The function fopen( ) returns a file handle if its attempt to open the file is successful. If it can't open the file (because of incorrect permissions, for example), it returns false. Section 18.2 and Section 18.4 cover ways to open files.

The function fwrite( ) writes the value of the flavor cookie to the file handle. It returns the number of bytes written. If it can't write the string (not enough disk space, for example), it returns -1.

Last, fclose( ) closes the file handle. This is done automatically at the end of a request, but it's a good idea to explicitly close all files you open anyway. It prevents problems using the code in a command-line context and frees up system resources. It also allows you to check the return code from fclose( ). Buffered data might not be actually written to disk until fclose( ) is called, so it's here that "disk full" errors are sometimes reported.

As with other processes, PHP must have the correct permissions to read from and write to a file. This is usually straightforward in a command-line context but can cause confusion when running scripts within a web server.
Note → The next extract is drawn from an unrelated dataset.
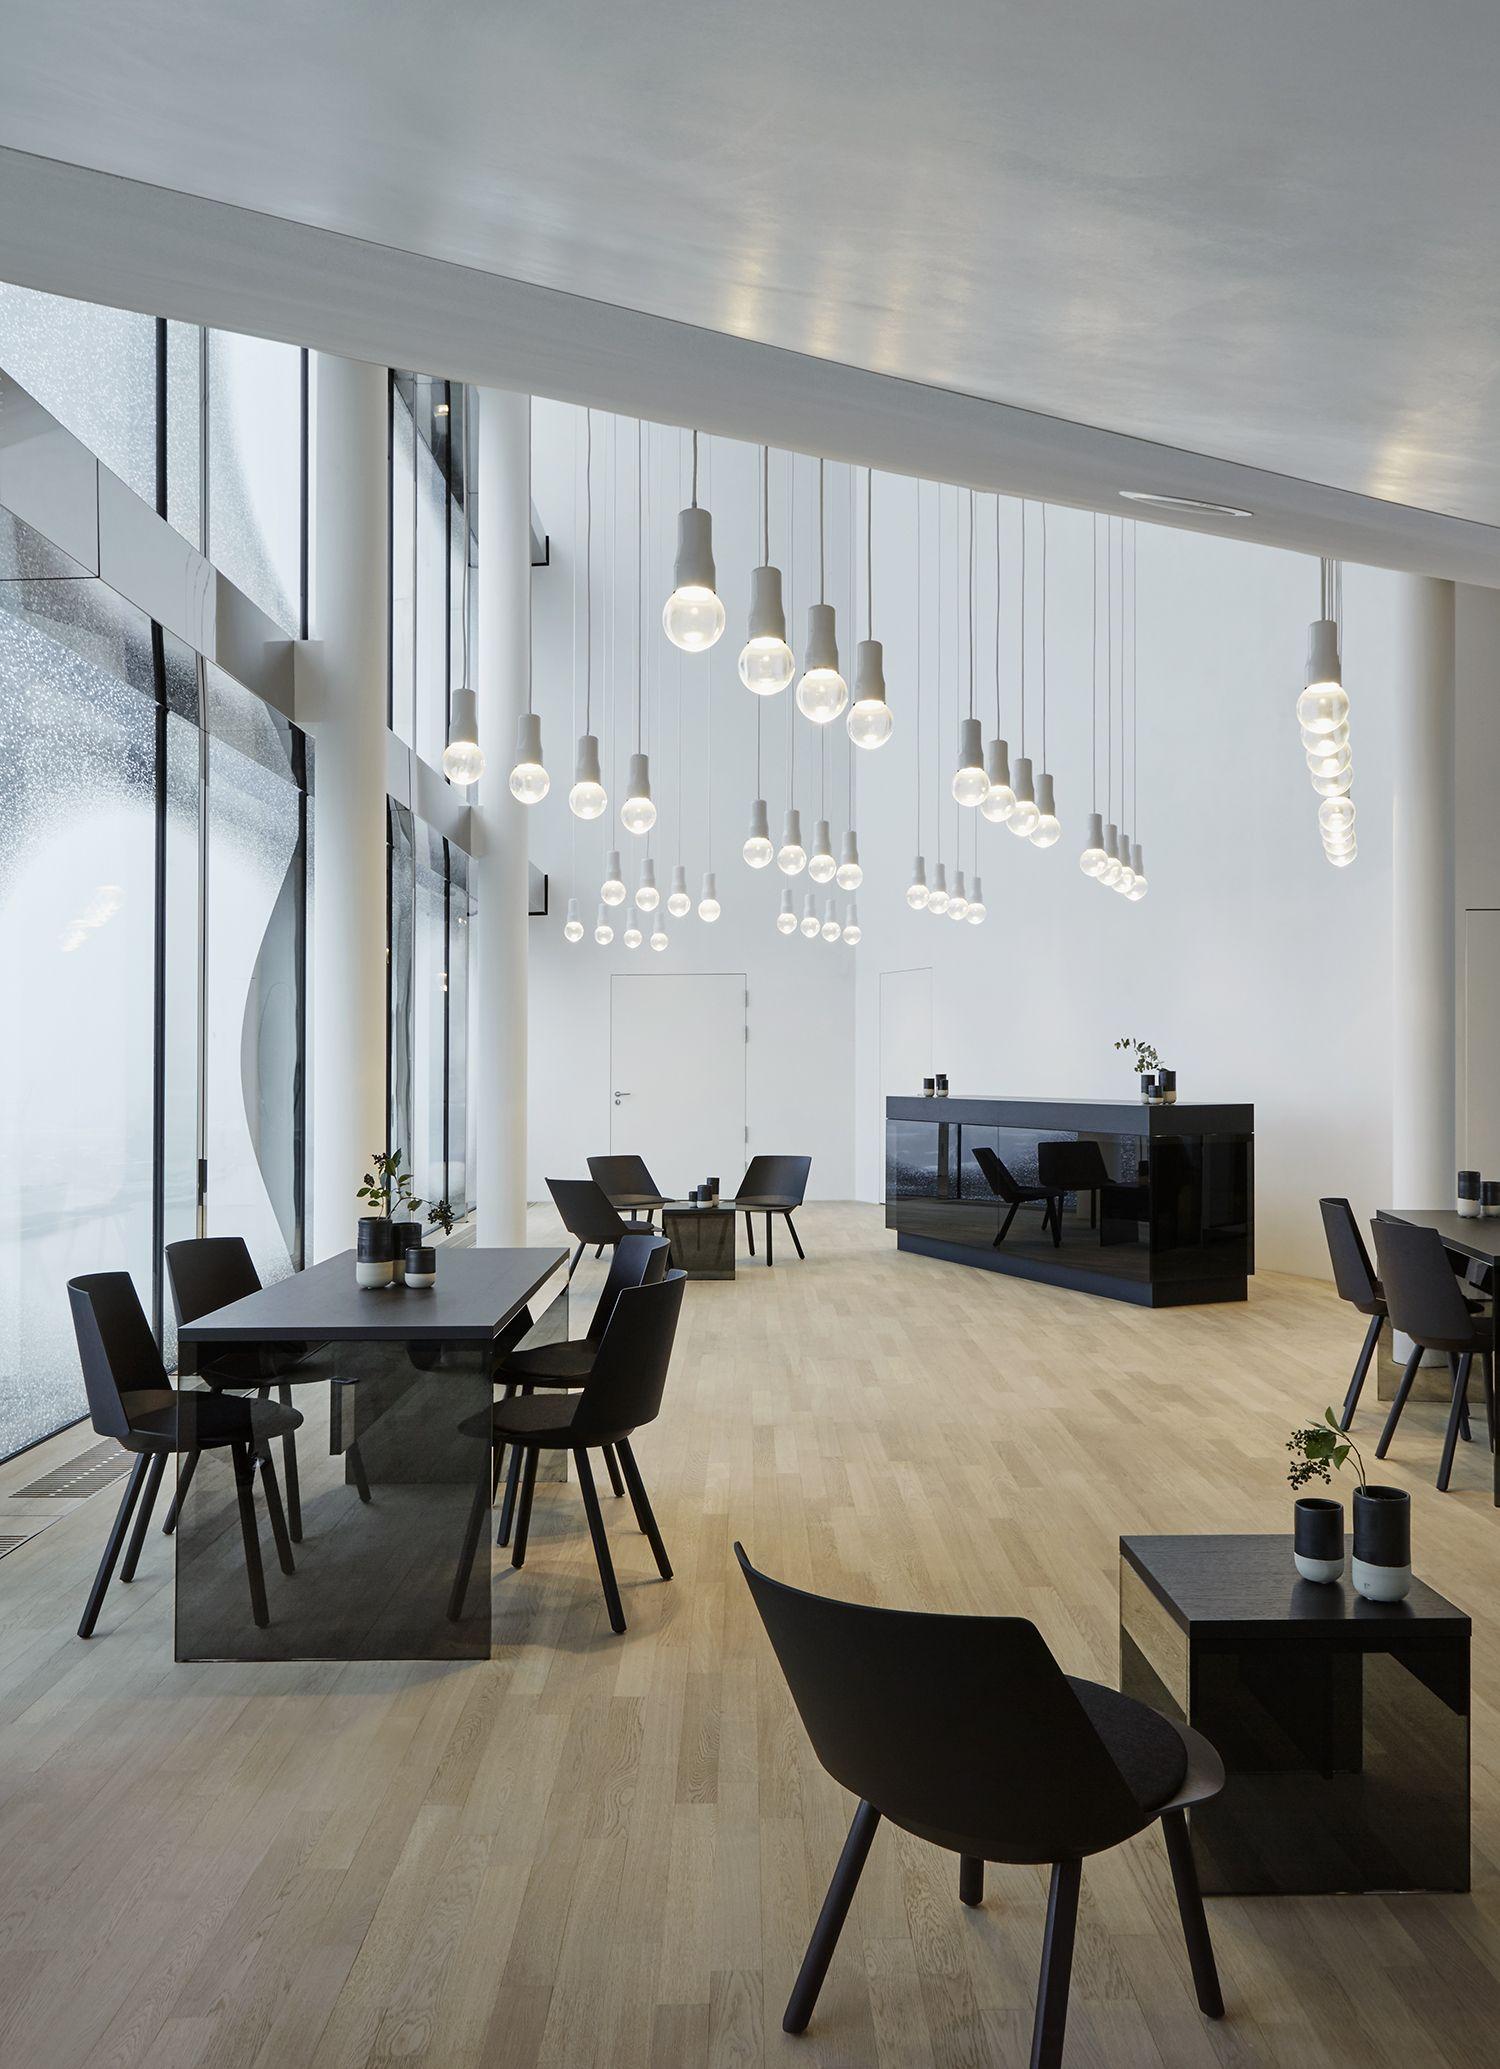 Elbphilharmonie: Möblierung und Architektur im Einklang | Bar ...

Your web server (and consequently your PHP scripts) probably runs as a specific user dedicated to web serving (or perhaps as user nobody). For good security reasons, this user often has restricted permissions on what files it can access. If your script is having trouble with a file operation, make sure the web server's user or group — not yours — has permission to perform that file operation. Some web serving setups may run your script as you, though, in which case you need to make sure that your scripts can't accidentally read or write personal files that aren't part of your web site.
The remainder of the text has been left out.